Greater Vancouver and Justice Fish’s Views On 2(b) Limitations

The Supreme Court’s decision in Greater Vancouver Transit Authority v. Canadian Federation of Students, 2009 SCC 31, is not an unexpected one. Most onlookers expected that the court would rule in favour of the CFS, as the censorious actions of the Greater Vancouver Transit Authority were rather obviously disconnected from the reasonable limits allowed by law upon freedom of expression. However, in finding the Transit Authority at fault, there are multiple ways to find their actions unreasonable under common law. In this post, I will focus on Justice Fish’s opinion.

Justice Fish divides the potential limitations on freedom of expression exerted by a government agency into two subcategories. He characterizes the first set of limitations as “internal” – those limitations stemming from 2(b) of the Charter itself, where a limit on the expression would actively contradict 2(b). The second set of limitations, the “external” limitations, are those derived from s.1 of the Charter, wherein via the Oakes test, reasonable limits can be set on the other elements of the Charter.

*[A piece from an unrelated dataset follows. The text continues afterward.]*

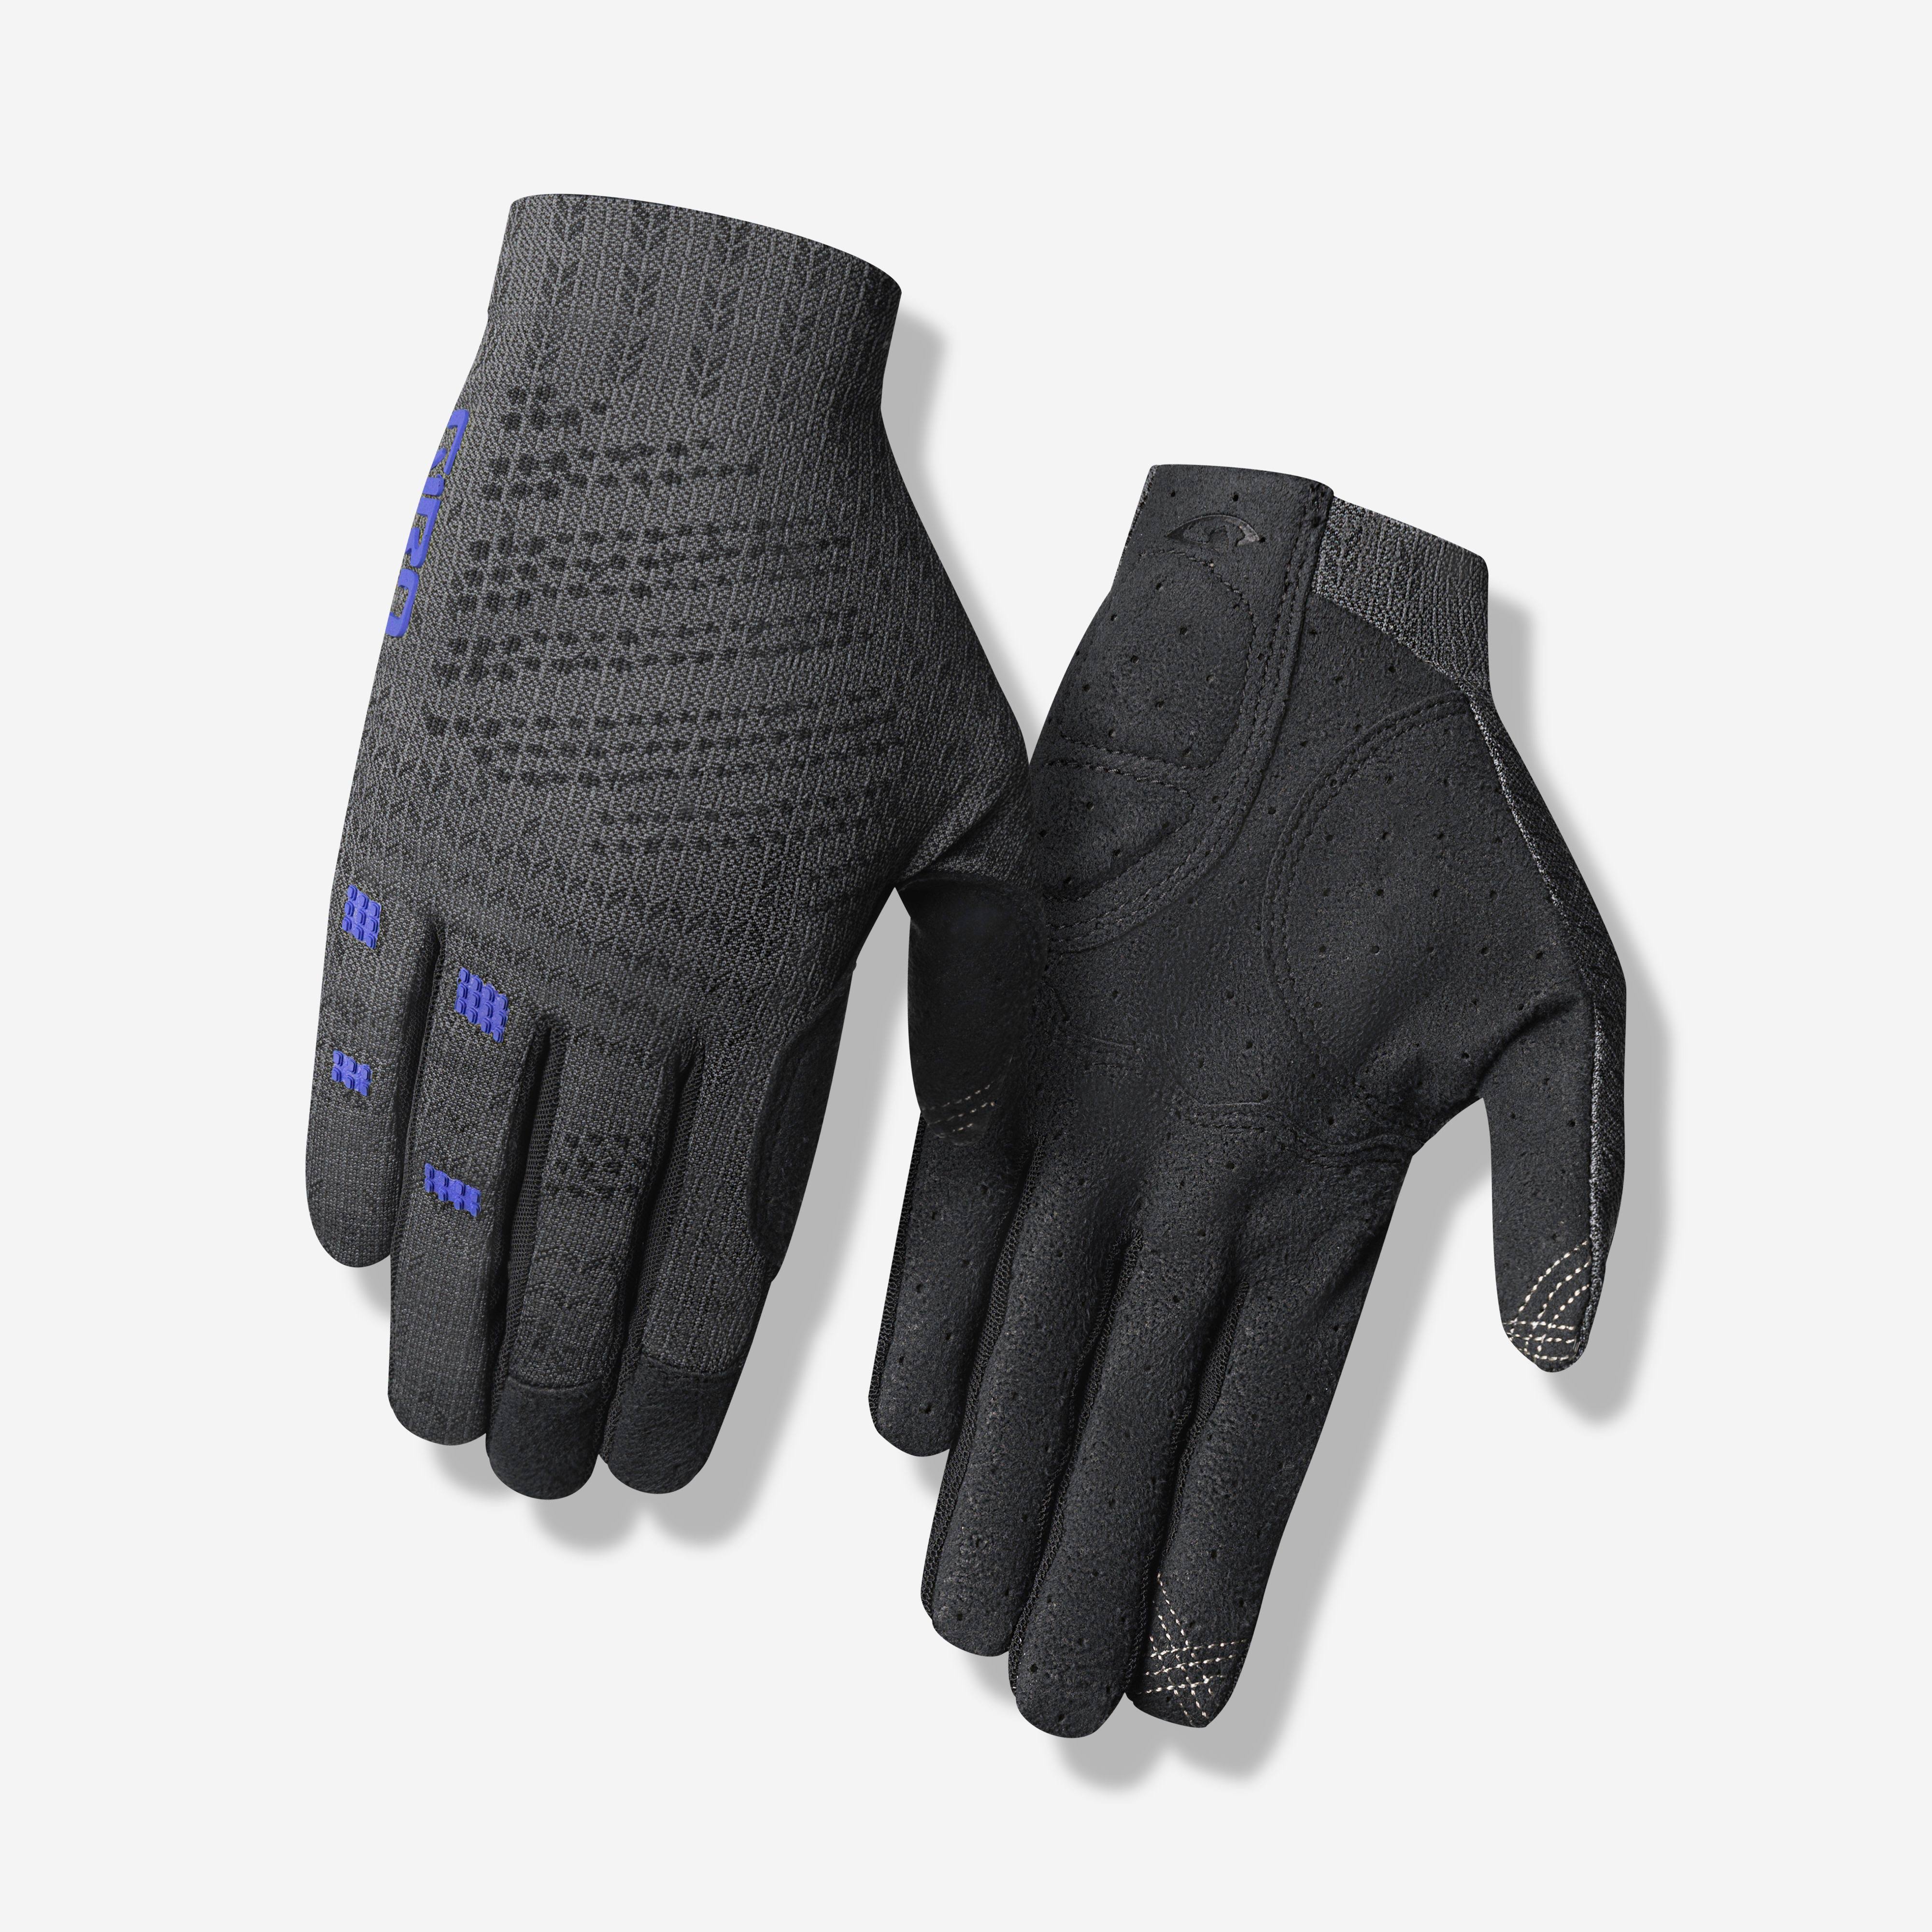 Giro Women's Xnetic Trail Glove - Large - Titanium/Electric Purple

In Fish J.’s reasons, he does not bother disagreeing with the majority on the “external” limits, instead agreeing with Justice Deschamps. His reason for writing a concurrent opinion is to demonstrate a different (and more direct) way of ruling upon the case as regards the limits of expression that flow from 2(b).

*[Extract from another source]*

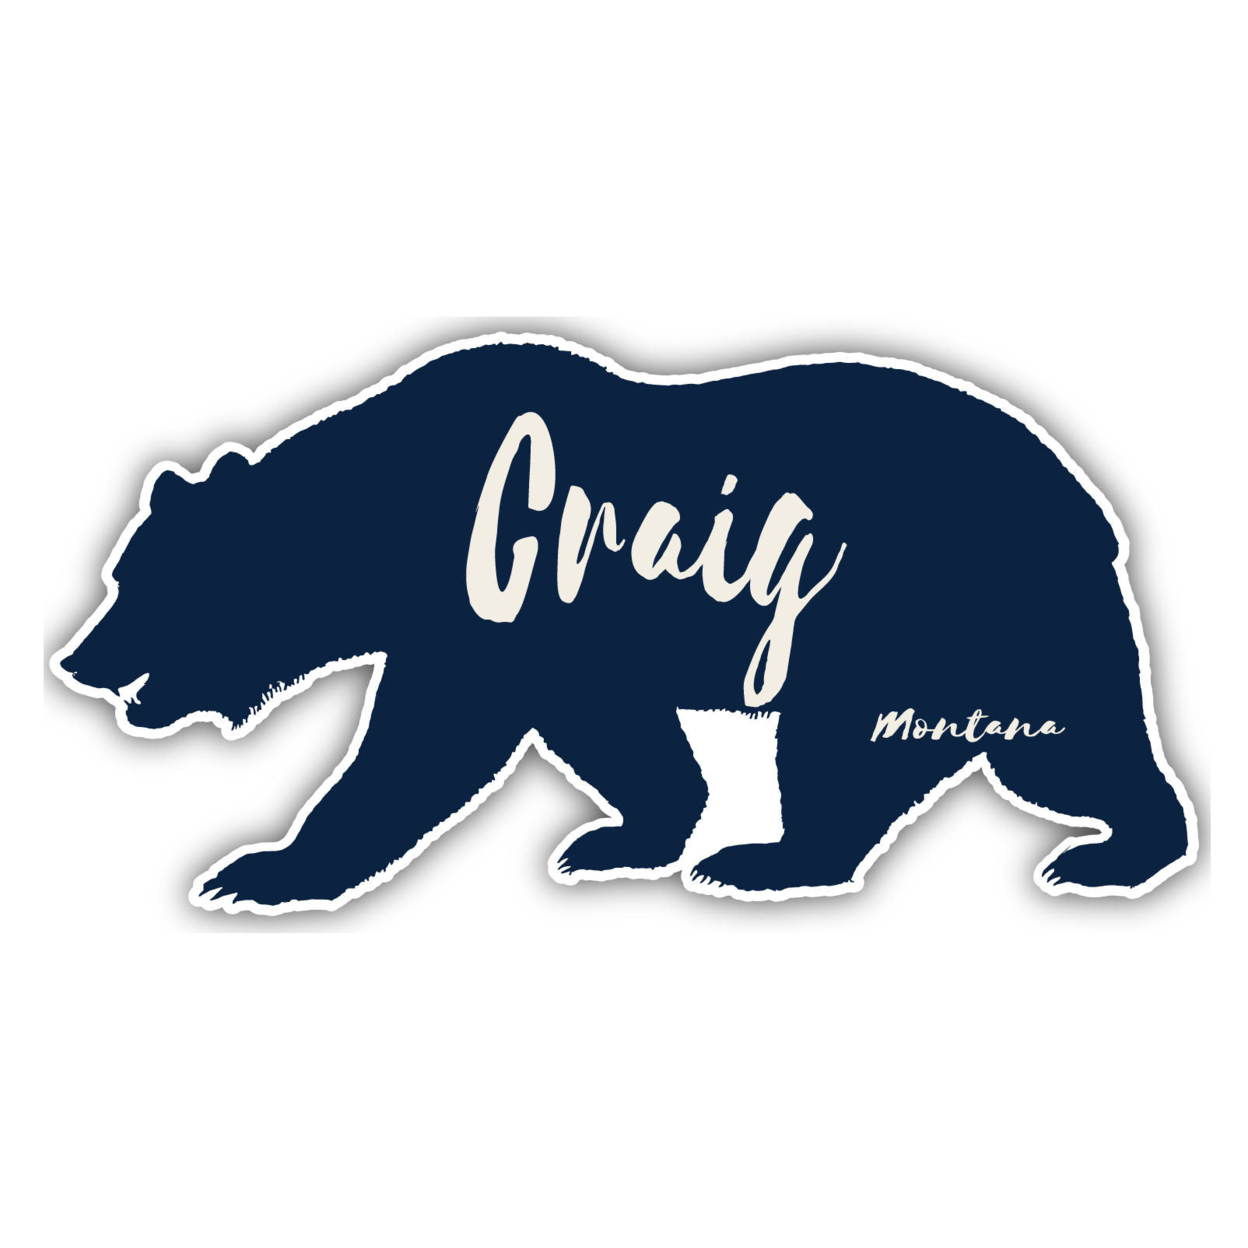 Craig Montana Souvenir Decorative Stickers (Choose Theme And Size) - Single Unit, 2-Inch, Bear

Justice Fish first addresses the issue of significant burden. The GTVA argued that acceptance of the CFS advertisements would subject them to a significant burden (a limit on 2(b) because the Charter does not create rights requiring positive affirmation: it is the government’s job to protect freedom of expression, not to ensure that you have it).

Fish J. quickly dismisses the significant burden argument in Greater Vancouver by essentially declaring the “burden” that accepting the advertisements would cause the GTVA to be not worthy of notice. At para. 117:

They require no meaningful expenditure of funds — on the contrary, removing the impugned restriction would increase the appellants’ advertising revenues. They require no new operating initiatives of significance. And they involve no administrative reorganization, restructuring or expansion that can reasonably be characterized as “burdensome”.

Having dealt with burden issues, Fish J. turns his attention to the issue of manifest incompatability. Here, the GTVA argued that that because the advertisements were manifestly incompatible with the advertising space on the sides of buses (a limit on 2(b) because freedom of expression should not reasonably interfere with the place it is exercised) they were justified in their refusal to run the advertisements.

Justice Fish here argues that expressive activity does not necessarily attract 2(b) protection, which is a remarkably censorious position for a Supreme Court justice to take. Indeed, he chooses to contradict – at least in part – the prima facie standard for identifying expressive content that has been a staple of Canadian common law for decades, arguing instead that incompatability with location itself is not protected by 2(b) (at para. 131):

Governments should not bear the burden of strictly prescribing by law and justifying limits on those kinds of expression that are so obviously incompatible with the purpose or function of the space provided, as the Charter cannot possibly have been intended to invite litigation in such obvious cases.

In essence Justice Fish here suggests that incompatability with location renders otherwise expressive activity inexpressive. Although this concept is not without precedent in Canadian law it is one that nonetheless troubles this writer; determining the expressive quality of an act by its surroundings seems directly counterintuitive to the concept of expression in the first place. Unlike the significant burden limit – which flows directly from the nature of the right to the act itself – this is a limit created by circumstance rather than the act. That fact makes it seem – to this writer – to be a limit to the right that should emanate from s.1 of the Charter.